Best Commentaries: The best deal on the best commentaries: 50% off in July. Save now or 888-568-3589.

Finding Christian Unity Amid Theological Diversity

what is a theological orthodoxy

It’s common today to hear of the fractured church, the shattered church, the hopelessly broken church. Estimates of the number of denominations can be disheartening, ranging from several hundred to tens of thousands, depending on how you define “denomination.” These statistics are disconcerting to some in light of Christ’s prayer in John 17:21, which sets the stakes for unity pretty high: Jesus asked God the Father “that they may all be one, just as you, Father, are in me, and I in you, that they also may be in us, so that the world may believe that you have sent me.” The oneness of the church is a sign and witness to the world that Jesus was who he said he was. The implications of getting this wrong are significant. However, by determining what beliefs are essential to orthodoxy and what are not, we can confidently serve alongside Christians with whom we disagree on the nonessentials—thus living out to a greater extent the unity Jesus prayed for.

It seems crazy to me now, but when I was growing up in the church I never considered the differences between my own faith and those of other Christians. I was contentedly blind to any disunity. The way I saw it, I was a Christian, and there were other people who weren’t Christians. As Christians, we believed all of the things Christians believe, and everyone else had a wide variety of non-Christian beliefs. Somehow it just made sense to me that if the faith of all Christians was centered on the same God, was being informed by the same Scriptures, and had grown out of a shared history, then we probably would have developed a fairly uniform set of doctrines and practices in the last 2,000 years.

The kind of unity I had in mind does, in some sense, exist, and although I didn’t know it then, it has a name: orthodoxy. Despite our major cultural and theological differences, there already is a significant degree of unity in the church, in that there are certain things all churches necessarily affirm in order to be recognized, historically speaking, as Christian. There is a oneness in the church that rests upon the core and essential doctrines of Christianity found in the Scriptures and conveniently distilled in the Apostles’ and Nicene creeds. Many evangelical churches don’t recite these creeds, but I would contend that they all adhere to the doctrines set forth in the them, even if not consciously.

As we build unity in the church, we must recognize which doctrines are non-negotiables. These are the “roots” of our faith—those fundamental doctrines that tether all of us to this thing we call Christianity.

What is Christian orthodoxy?

In his Mobile Ed courses on historical theology, Dr.
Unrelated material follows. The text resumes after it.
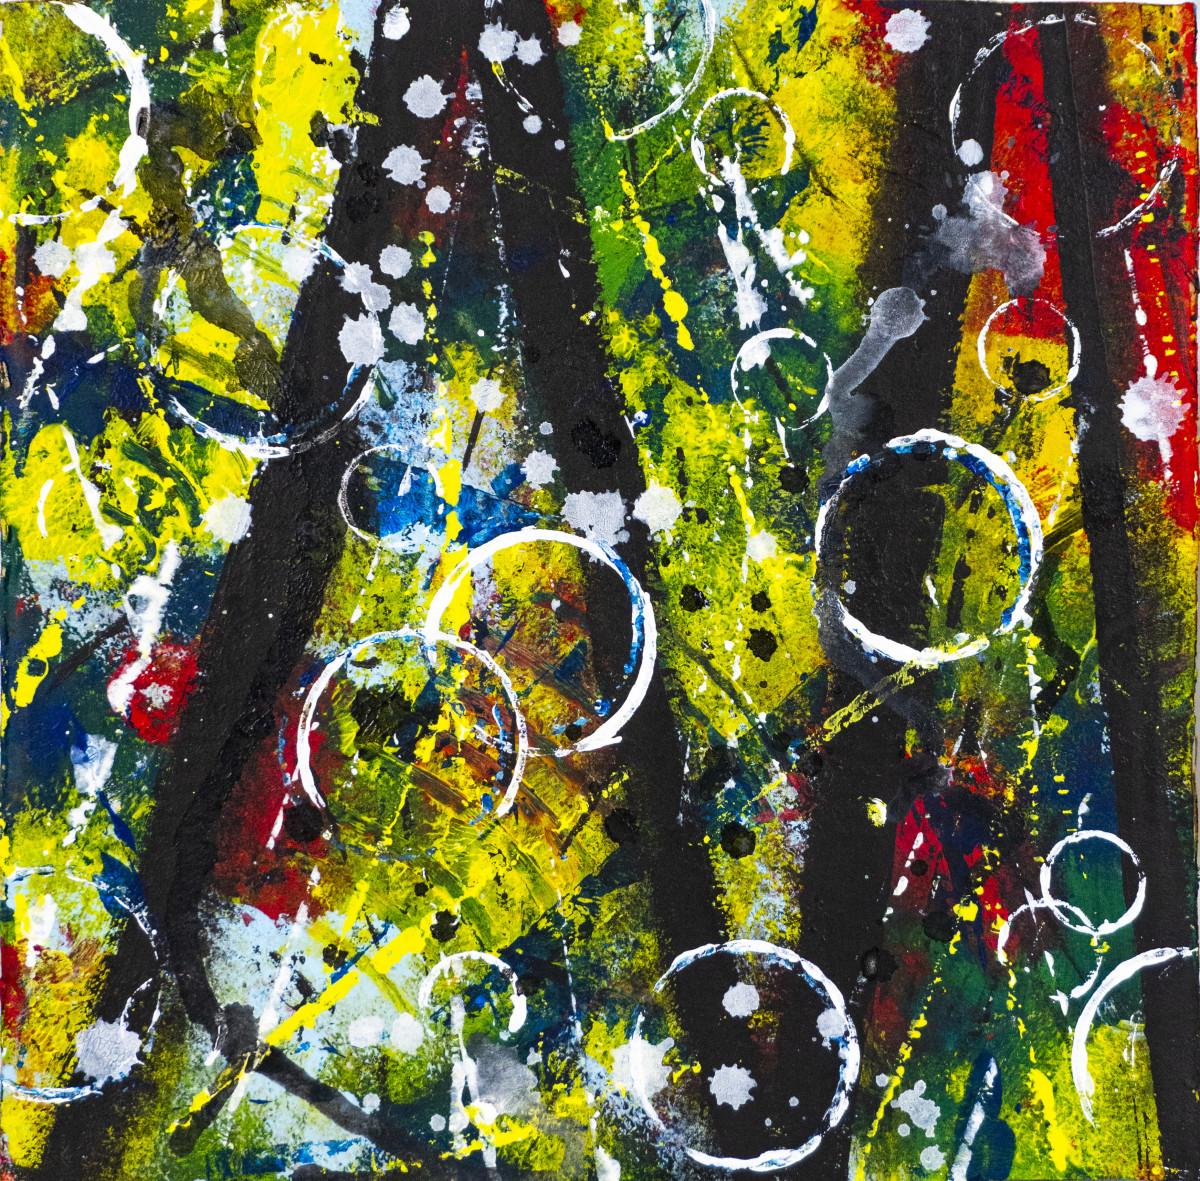 JAMAICAN HUE by Audrey Beharie-McGee

Roger Olson, a professor of theology and ethics at George W. Truett Theological Seminary, identifies the two most fundamental and universal doctrines of the church: “From Chalcedon in 451 on, even up until and through the Protestant Reformation, these two great doctrines, or dogmas, of the Trinity and the hypostatic union, really define Christian orthodoxy. They are necessary for defining Christianity, if not sufficient. Some churches will add other doctrines as important and necessary, but throughout the world . . . these two doctrines—the deity and humanity of Jesus Christ and the Trinity—really summarize the essence of Christian orthodoxy.”

If the doctrines of the hypostatic union and the Trinity are the most condensed summaries of Christian doctrine, we can observe the Apostles’ Creed for a little more definition. This statement declares that God the Father is the creator of everything. It recognizes Jesus as the Son of God and as our Lord, and it affirms the central story of the gospel: Jesus’ incarnation, death, resurrection, ascension, and future return as judge of the world. This creed affirms belief in the Holy Spirit, and it speaks to the character of the church and relationship among the “saints.” It affirms the reality of the forgiveness of sins, resurrection of our bodies, and eternal life. Historically speaking, any Christian who holds to these doctrines passes the test of theological orthodoxy.
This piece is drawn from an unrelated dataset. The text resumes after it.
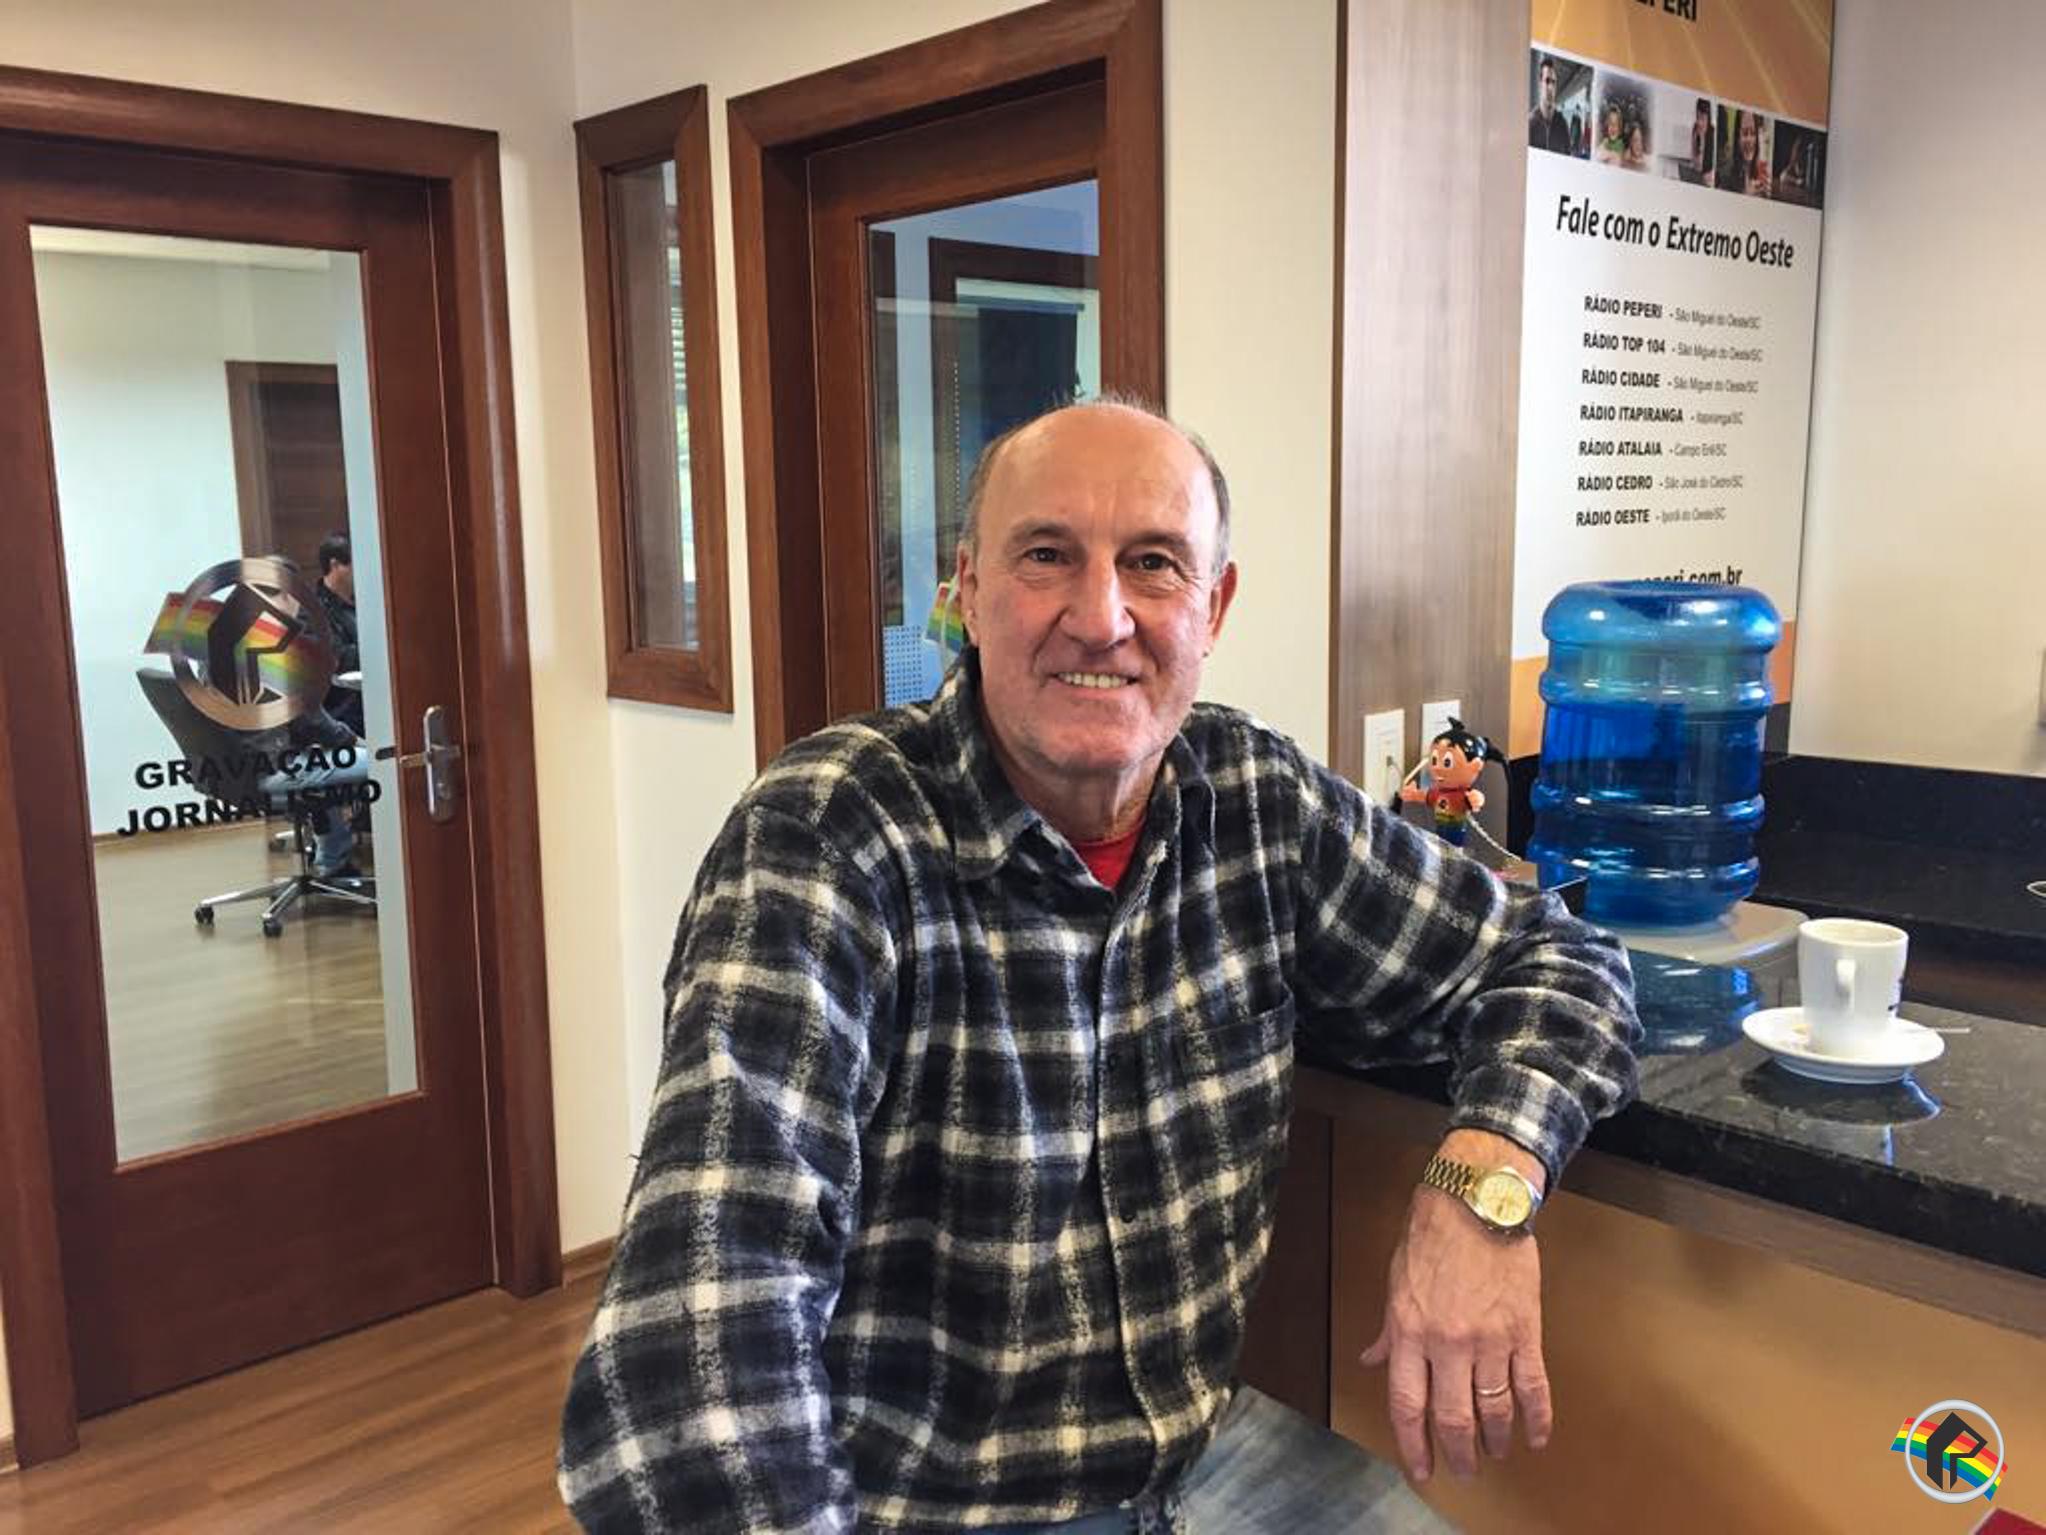 Peperi fala dos 36 anos do Super Centenaro no município

While we might wish that we could look into people’s hearts to know if they are a true brother or sister in Christ, there is no way to do that. Nevertheless, at the very least, anyone who adheres to these doctrines—which have been used as a measuring rod over the ages—is considered by Christians to be theologically orthodox.

What about the rest of my beliefs?

One way I’ve seen Christian beliefs conceptualized is by picturing three concentric circles. In the innermost circle you find the things that make you a theologically orthodox Christian—for instance, a belief in the divinity of Christ. Things in this circle are actually appropriate to divide over, because the sum of them equals Christian orthodoxy.

In the next ring you have things that define you as a Presbyterian or a Methodist or an Anglican, and they are not matters of Christian orthodoxy. These beliefs are often expressed by official church documents, such as the Lutheran Catechism, the Westminster Confession of Faith, or even the by-laws or charter of a particular denomination. Those foundational documents lay out the theological positions of a particular subset of believers. An example of something in this category would be the acceptability of the ordination of women. While these issues should not divide believers, they do, practically speaking, segment the church.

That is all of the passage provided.